Start of Dataset section

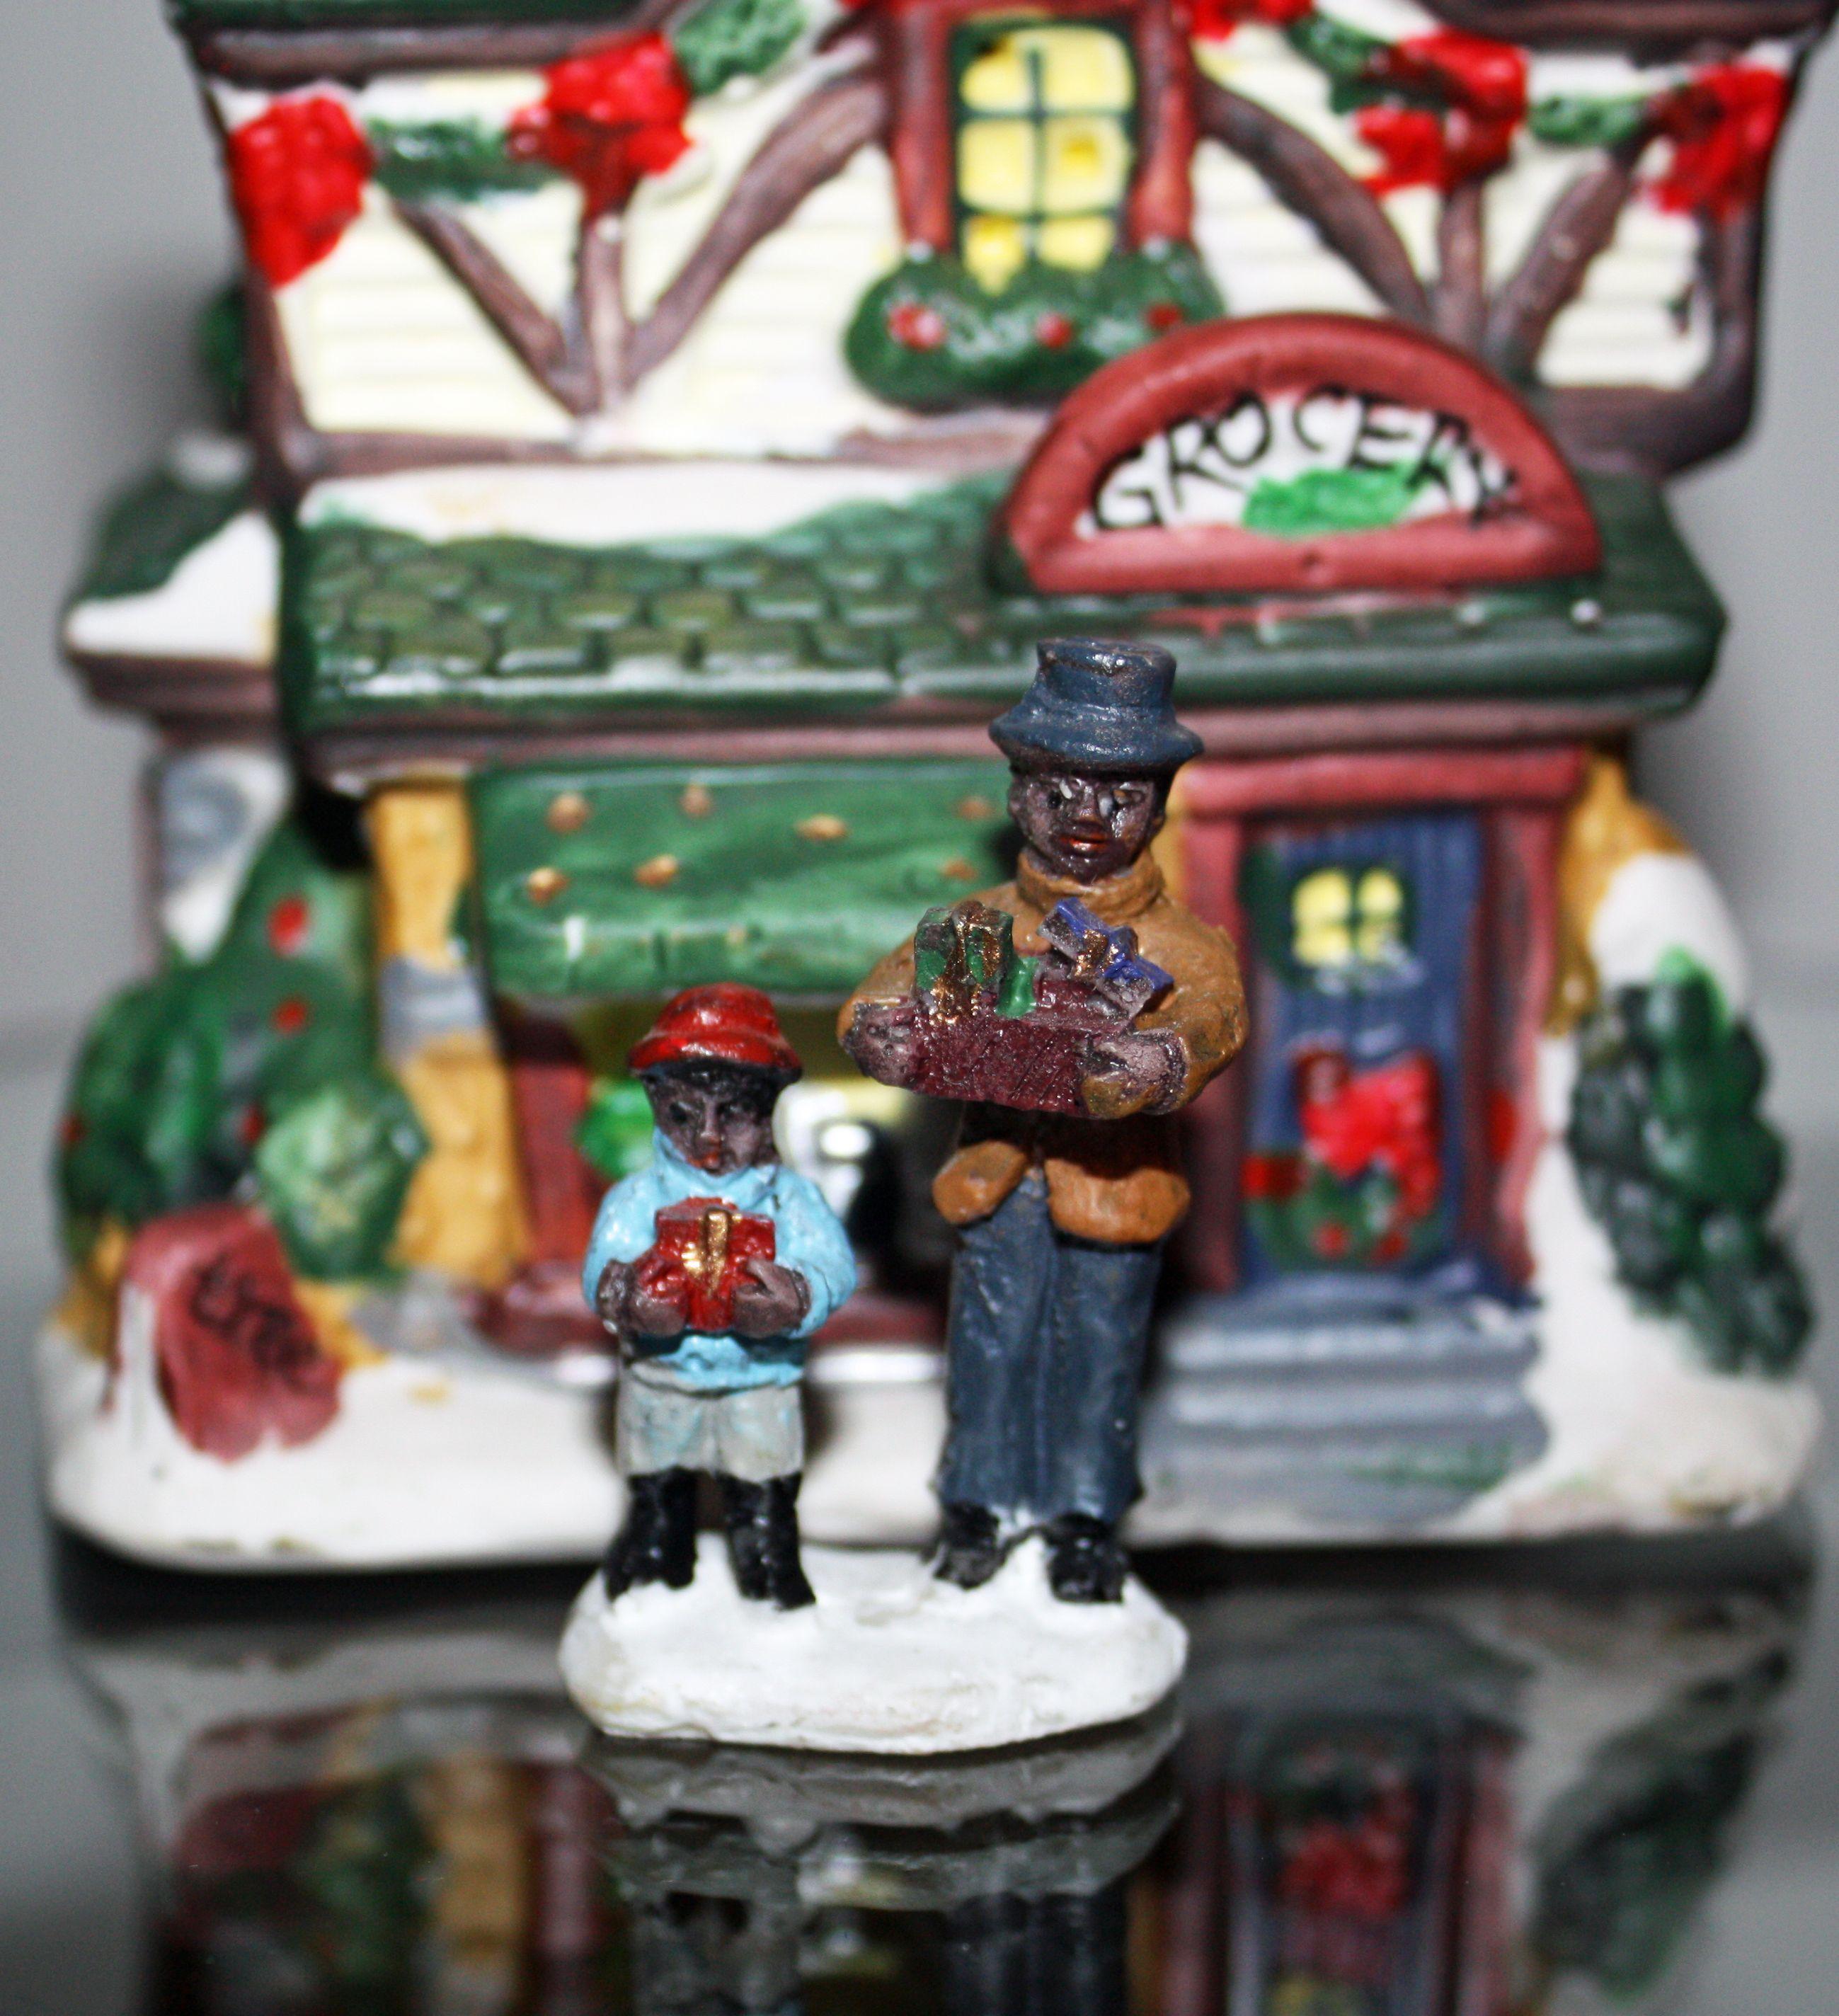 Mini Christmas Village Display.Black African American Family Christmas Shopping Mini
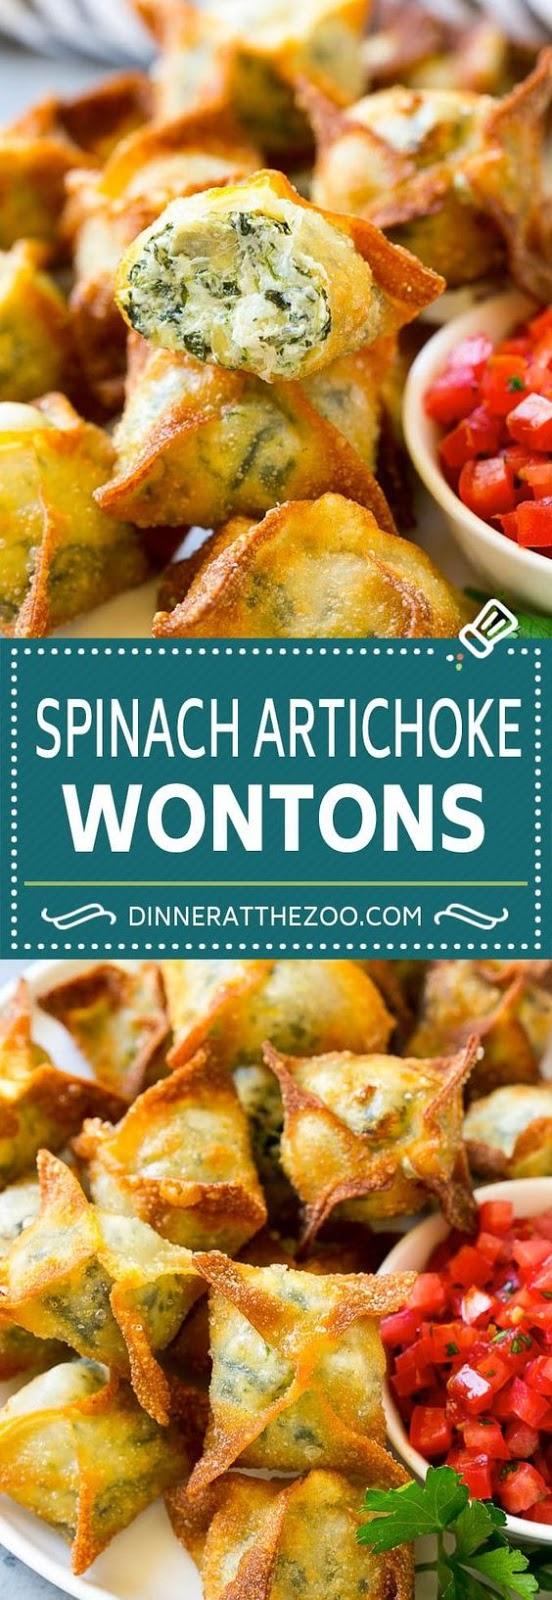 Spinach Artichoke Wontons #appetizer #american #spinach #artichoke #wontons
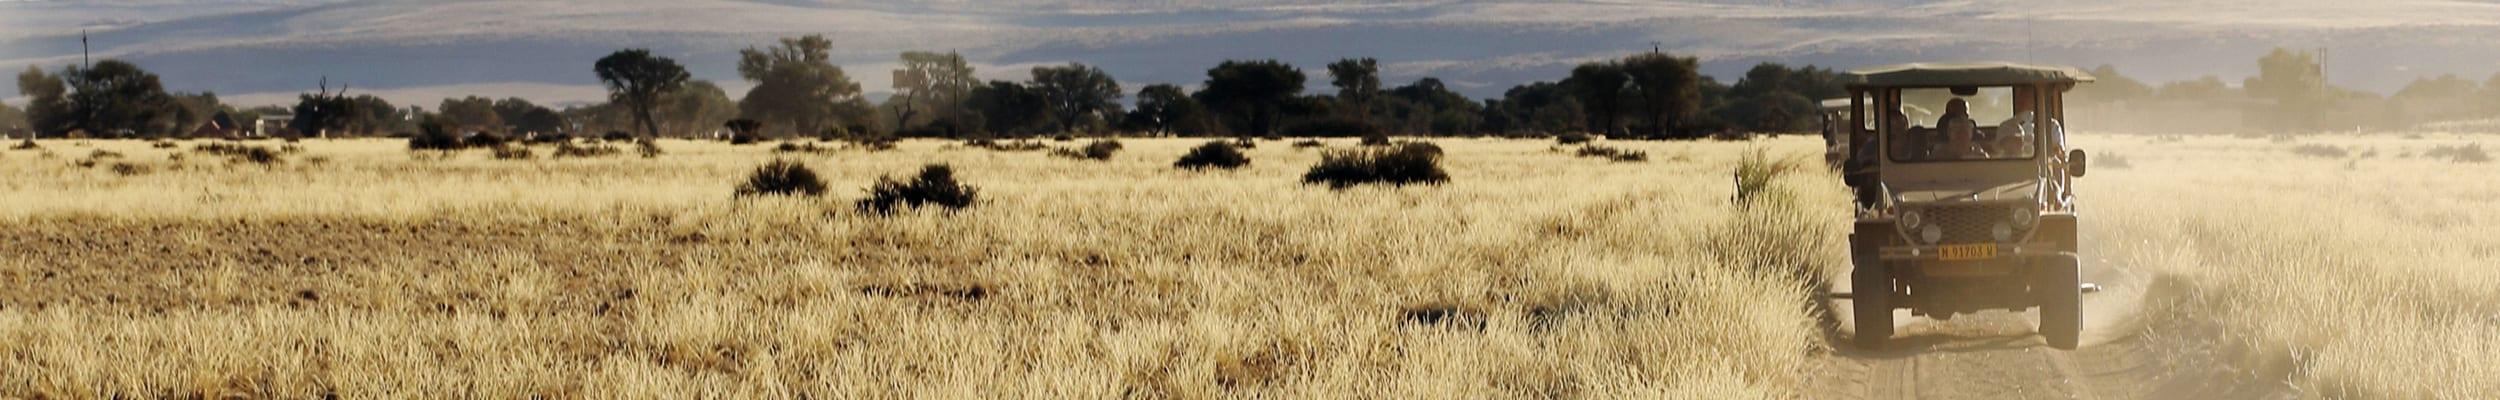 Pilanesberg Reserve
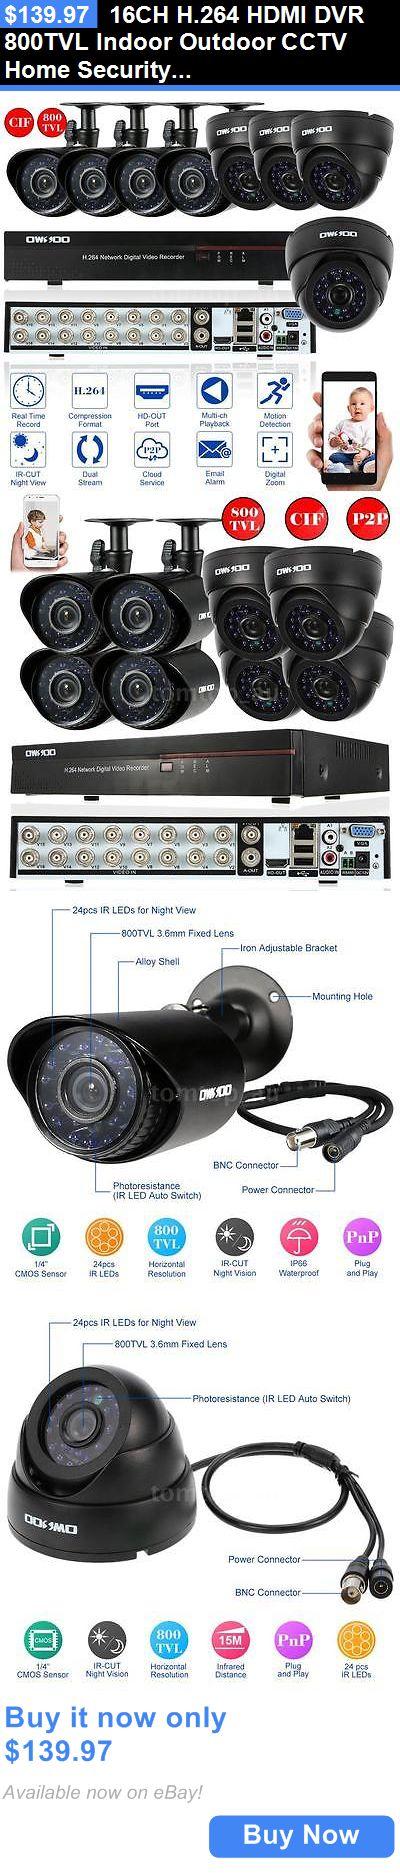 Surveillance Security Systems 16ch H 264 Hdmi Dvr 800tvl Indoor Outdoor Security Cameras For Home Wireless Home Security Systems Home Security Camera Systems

End of Dataset section

• **Task brief**
Having located the line with "Spinach Artichoke Wontons", copy it exactly along with every later line through the end of the listing above, but omit the pictures.

• **Exercise response**
 Spinach Artichoke Wontons #appetizer #american #spinach #artichoke #wontons
 Pilanesberg Reserve
 Surveillance Security Systems 16ch H 264 Hdmi Dvr 800tvl Indoor Outdoor Security Cameras For Home Wireless Home Security Systems Home Security Camera Systems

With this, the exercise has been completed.